– Пистолет есть? – вдруг заорал Л.
– Нет, – растерялся ветеран.
– Ну и пошел на хуй, не ори, неси пистолет и стреляй.
– Что?
– То.
Ветеран ударил Л. палкой по плечу. Л. дал ему по голове кулаком. Старик упал.
– Ах, ты, жиденок! – взвизгнул он, подымаясь, но Л. уже уходил быстро, потом побежал. Старику было его не догнать.
Л. ходил по своей комнате. Включил магнитофон, сел на кровать и стал слушать. Начал играть "Моторхэд", но тут щелкнуло и сам Л. сказал из динамика:
– Наташа, уйди с проезжей части, Наташа, отойди с проезжей части. Проверка записи, – сказал он торжественно, – производится проверка записи. Проверка записи, – повторил он настойчиво, – проверка записи. Наташа, отойди с проезжей части, я веду проверку записи! – Он хихикнул, – Что вы думаете про оформление магнитофона картонными бумажками с надписью "Пэл Мэл"?
Ответили коротко и неразборчиво.
– "Хуйня" говорит респондент, – громко провозгласил Л. Опять заиграл "Моторхэд", но прервался и Л. совершенно без слуха, старательно запел, подыгрывая себе на двух аккордах:
– Мы стояли на плоскости, с переменным углом отражения,
Повторяя закон, приводящий пейзажи в движение.
Их несколько здесь, – он замолчал, подумал, сказал, – тьфу, блядь! – и продолжал, – Повторяя слова, лишенные всякого смысла…
Л. подошел к окну и длинно сплюнул в форточку.

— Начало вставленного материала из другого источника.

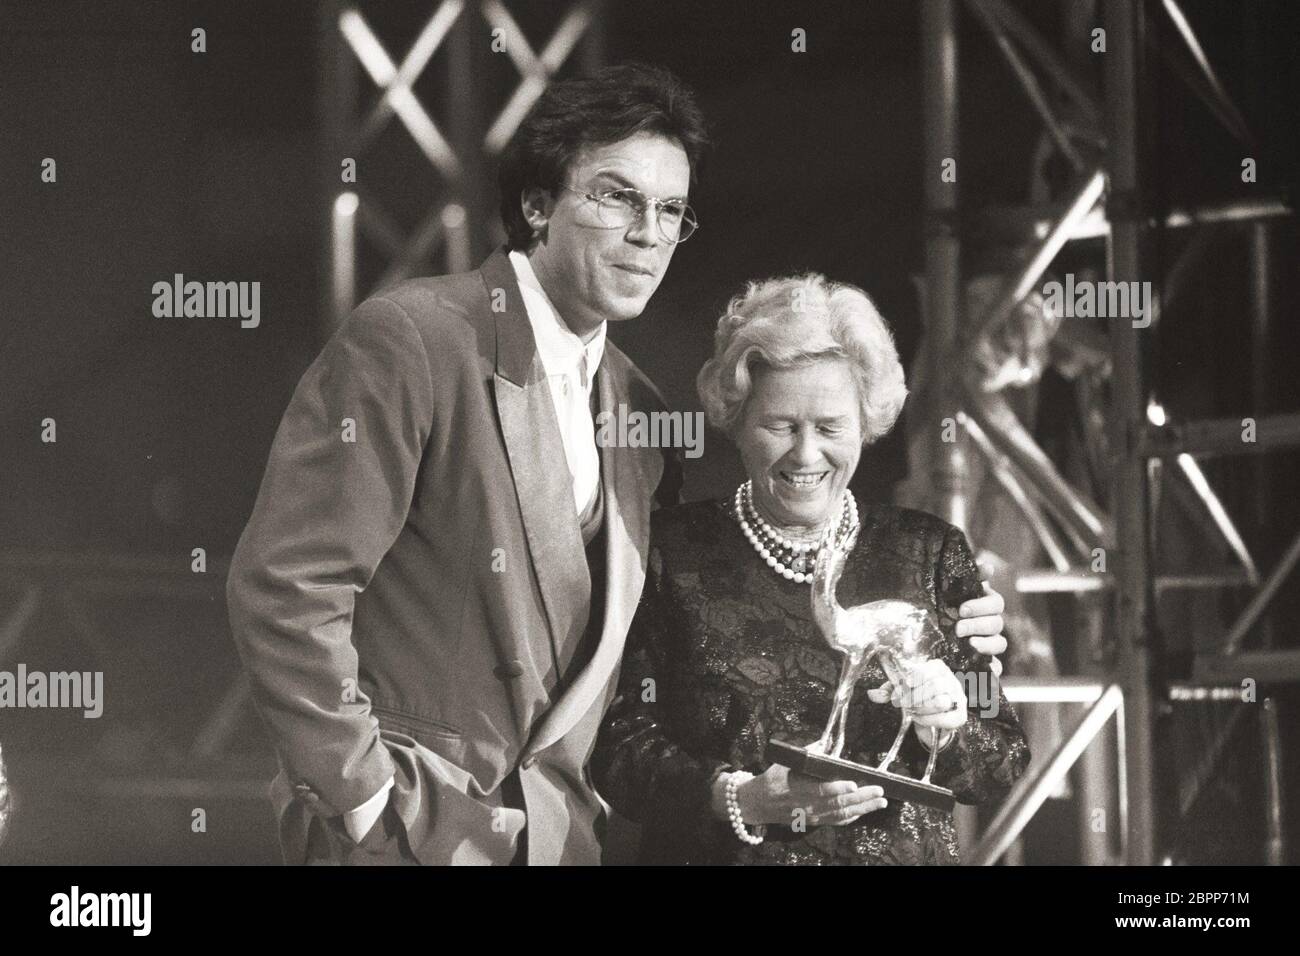 BAMBI Verleihung im MARITIM Köln // 11.12.1992 - Auf dem Bild der Entertainer Wolfgang Lippert (links) überreicht den BAMBI 'Wirtschaft' an die Unternehmerin Grete Schickedanz (rechts) im MARITIM Köln in den 90ern. Stock Photo

Стал смотреть на улицу. Шел снег. Магнитофон продолжал играть. Теперь Л. исполнял "Еще только без десяти девять часов". Когда песня кончилась, он не перестал играть, а стал тонко высвистывать мелодию.
Л. вернулся на кровать и мрачно слушал магнитофон. Опять раздался щелчок и Л. пьяным голосом сказал оттуда:
– Иди сюда! Фамилия как? Иди сюда! Фамилия как? Хэ-хэ! Дэвай споем с тобой песенку. – И запел уже без гитары, – А водки съем бутылочку, взгромоздюсь на милочку, а потом в парилочку, тваю мать! Ээх! Водки съем бутылочку, взгромоздюсь на милочку, – и закончил блаженно, – а потом в парилочку, тваю мать. Вот. – Он сильно дунул в микрофон.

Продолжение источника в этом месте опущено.